Eserlerini Farsça yazması İranlıların Mevlana’yı kendilerine ait olarak kabul etmesi ve her mahfilde bunu üstüne basa basa belirtmeleri için yeterli bir sebeptir. Resmî ziyaret amacıyla İran’a giden Türk yetkililer toplantılarda çoğunlukla Mevlana’nın Türkiye ile İran arasındaki birlikteliğin ve ortak kültür mirasının bir parçası olduğuna dair vurgu yaptıkları zaman İranlı yetkililer bu yaklaşıma hemen karşı çıkarak, Mevlana’nın İranlılara ait olduğunu, şiirlerini Farsça yazdığı ve Belh’te doğduğu için İranlı sayılması gerektiğini iddia ederler.
Mevlana başta olmak üzere bir şekilde İran’la/Farsça ile ilgili olan her şahıs, eser, eşya ve hatta yiyeceği -bugün başka ülkelerde de yaygınlık kazanmış olsa dahi- hiçbir surette İranlılardan başkasının sahiplenme hakkı yoktur. Bu konuya dair özellikle sosyal medya ve gazetelerde sürekli haberler, yorumlar ve eleştiriler yayımlanmaktadır.

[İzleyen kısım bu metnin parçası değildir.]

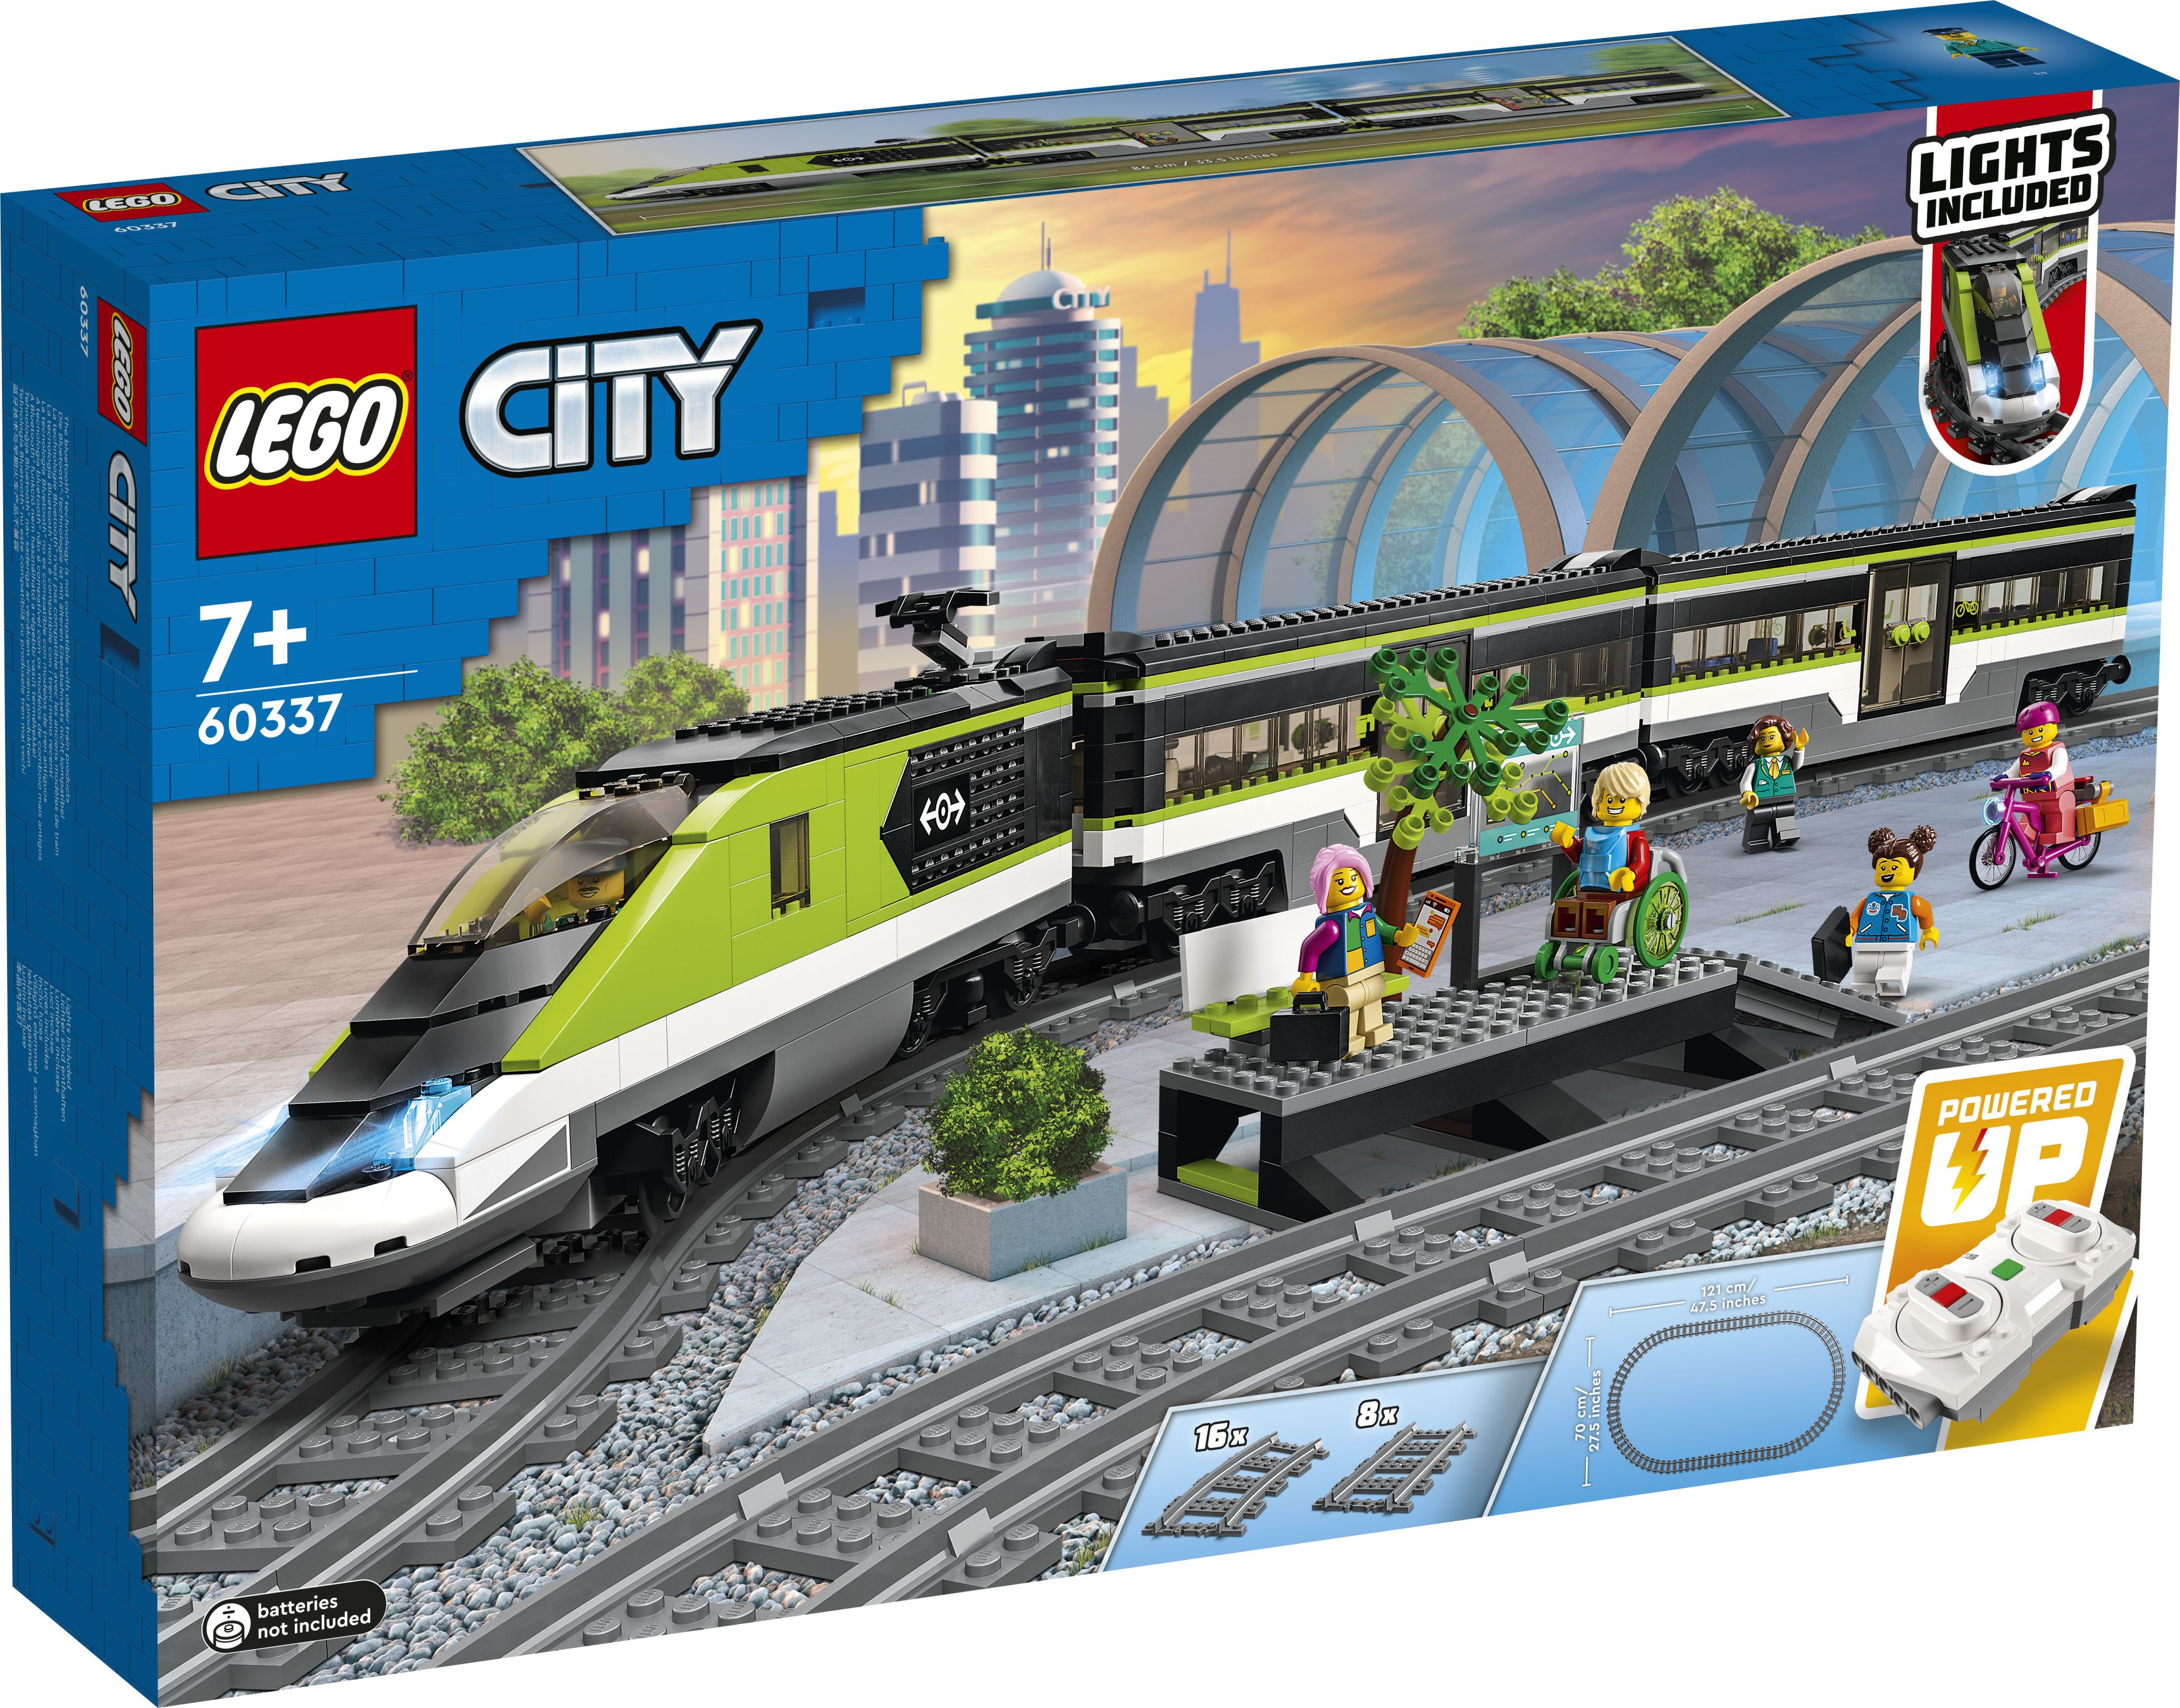 LEGO City 60337 Personen-Schnellzug LEGO_60337_Box1_v29.jpg

Mesela Arapların İbn Sina’yı “Büyük Arap Bilgini” olarak gösterme çabaları, Azerbaycan’ın UNESCO nezdinde girişimde bulunup müzik enstrümanı tarı Azerbaycan adına dünya kültür mirası listesine ekletmesi, Kazakistan’ın Farabi’ye sahip çıkması, İran’ın Yezd şehrine mahsus mimari bir yapı olan “bâd-gîr”leri Birleşik Arap Emirlikleri’nin Arap kültürüne ait olduğunu iddia ederek ülkelerinde yaygınlaştırma çabaları, yine Azerbaycan’ın Lavaş ekmeğini, Genceli Nizami’yi, çevgân oyununu kendi adına UNESCO’da kaydettirmesi gibi hadiseler İranlıların milli hassasiyetlerini kışkırtmaya yetmektedir.
Rumi-Belhî-Horasani-İrani
Hazret-i Mevlana’nın kabrinin Konya’da bulunması, her yıl Mevlana haftası münasebetiyle yapılan törenler sebebiyle dünyanın dört bir yanından katılımcıların Konya’ya akın etmesi ile alakalı olarak bazı İranlılar hem Türkiye’yi Mevlana’yı turistik bir obje yapmakla suçlamakta hem de Mevlana’nın hayatını, dünyaya bakışını değiştiren Şems-i Tebrizî’nin Hoy şehrindeki kabrini sadece 20 bin kişinin ziyaret ettiğini dile getirerek İranlı yetkililerin bu konuda çaba harcamadıklarını ifade etmektedirler.
İran meclis başkanının, yıllar önce gerçekleştirmiş olduğu Türkiye ziyareti sırasında o zaman başbakan koltuğunda oturan Recep Tayyip Erdoğan’ın hediye etmiş olduğu Mesnevi’nin tıpkıbasımını alması İran medyasında tepkiye sebep olmuştu. Gazetenin yorumuna göre “İran’a ait olan bir eser” nasıl olur da İran meclis başkanına hediye olarak verilebilirmiş.
Aynı şekilde 2007 yılının Türkiye’nin girişimi ile UNESCO tarafından Mevlana Yılı olarak ilan edilmesi de İranlıların tepkisine neden olmuş ve bunun İran’ın hakkı olduğu ileri sürülmüştü.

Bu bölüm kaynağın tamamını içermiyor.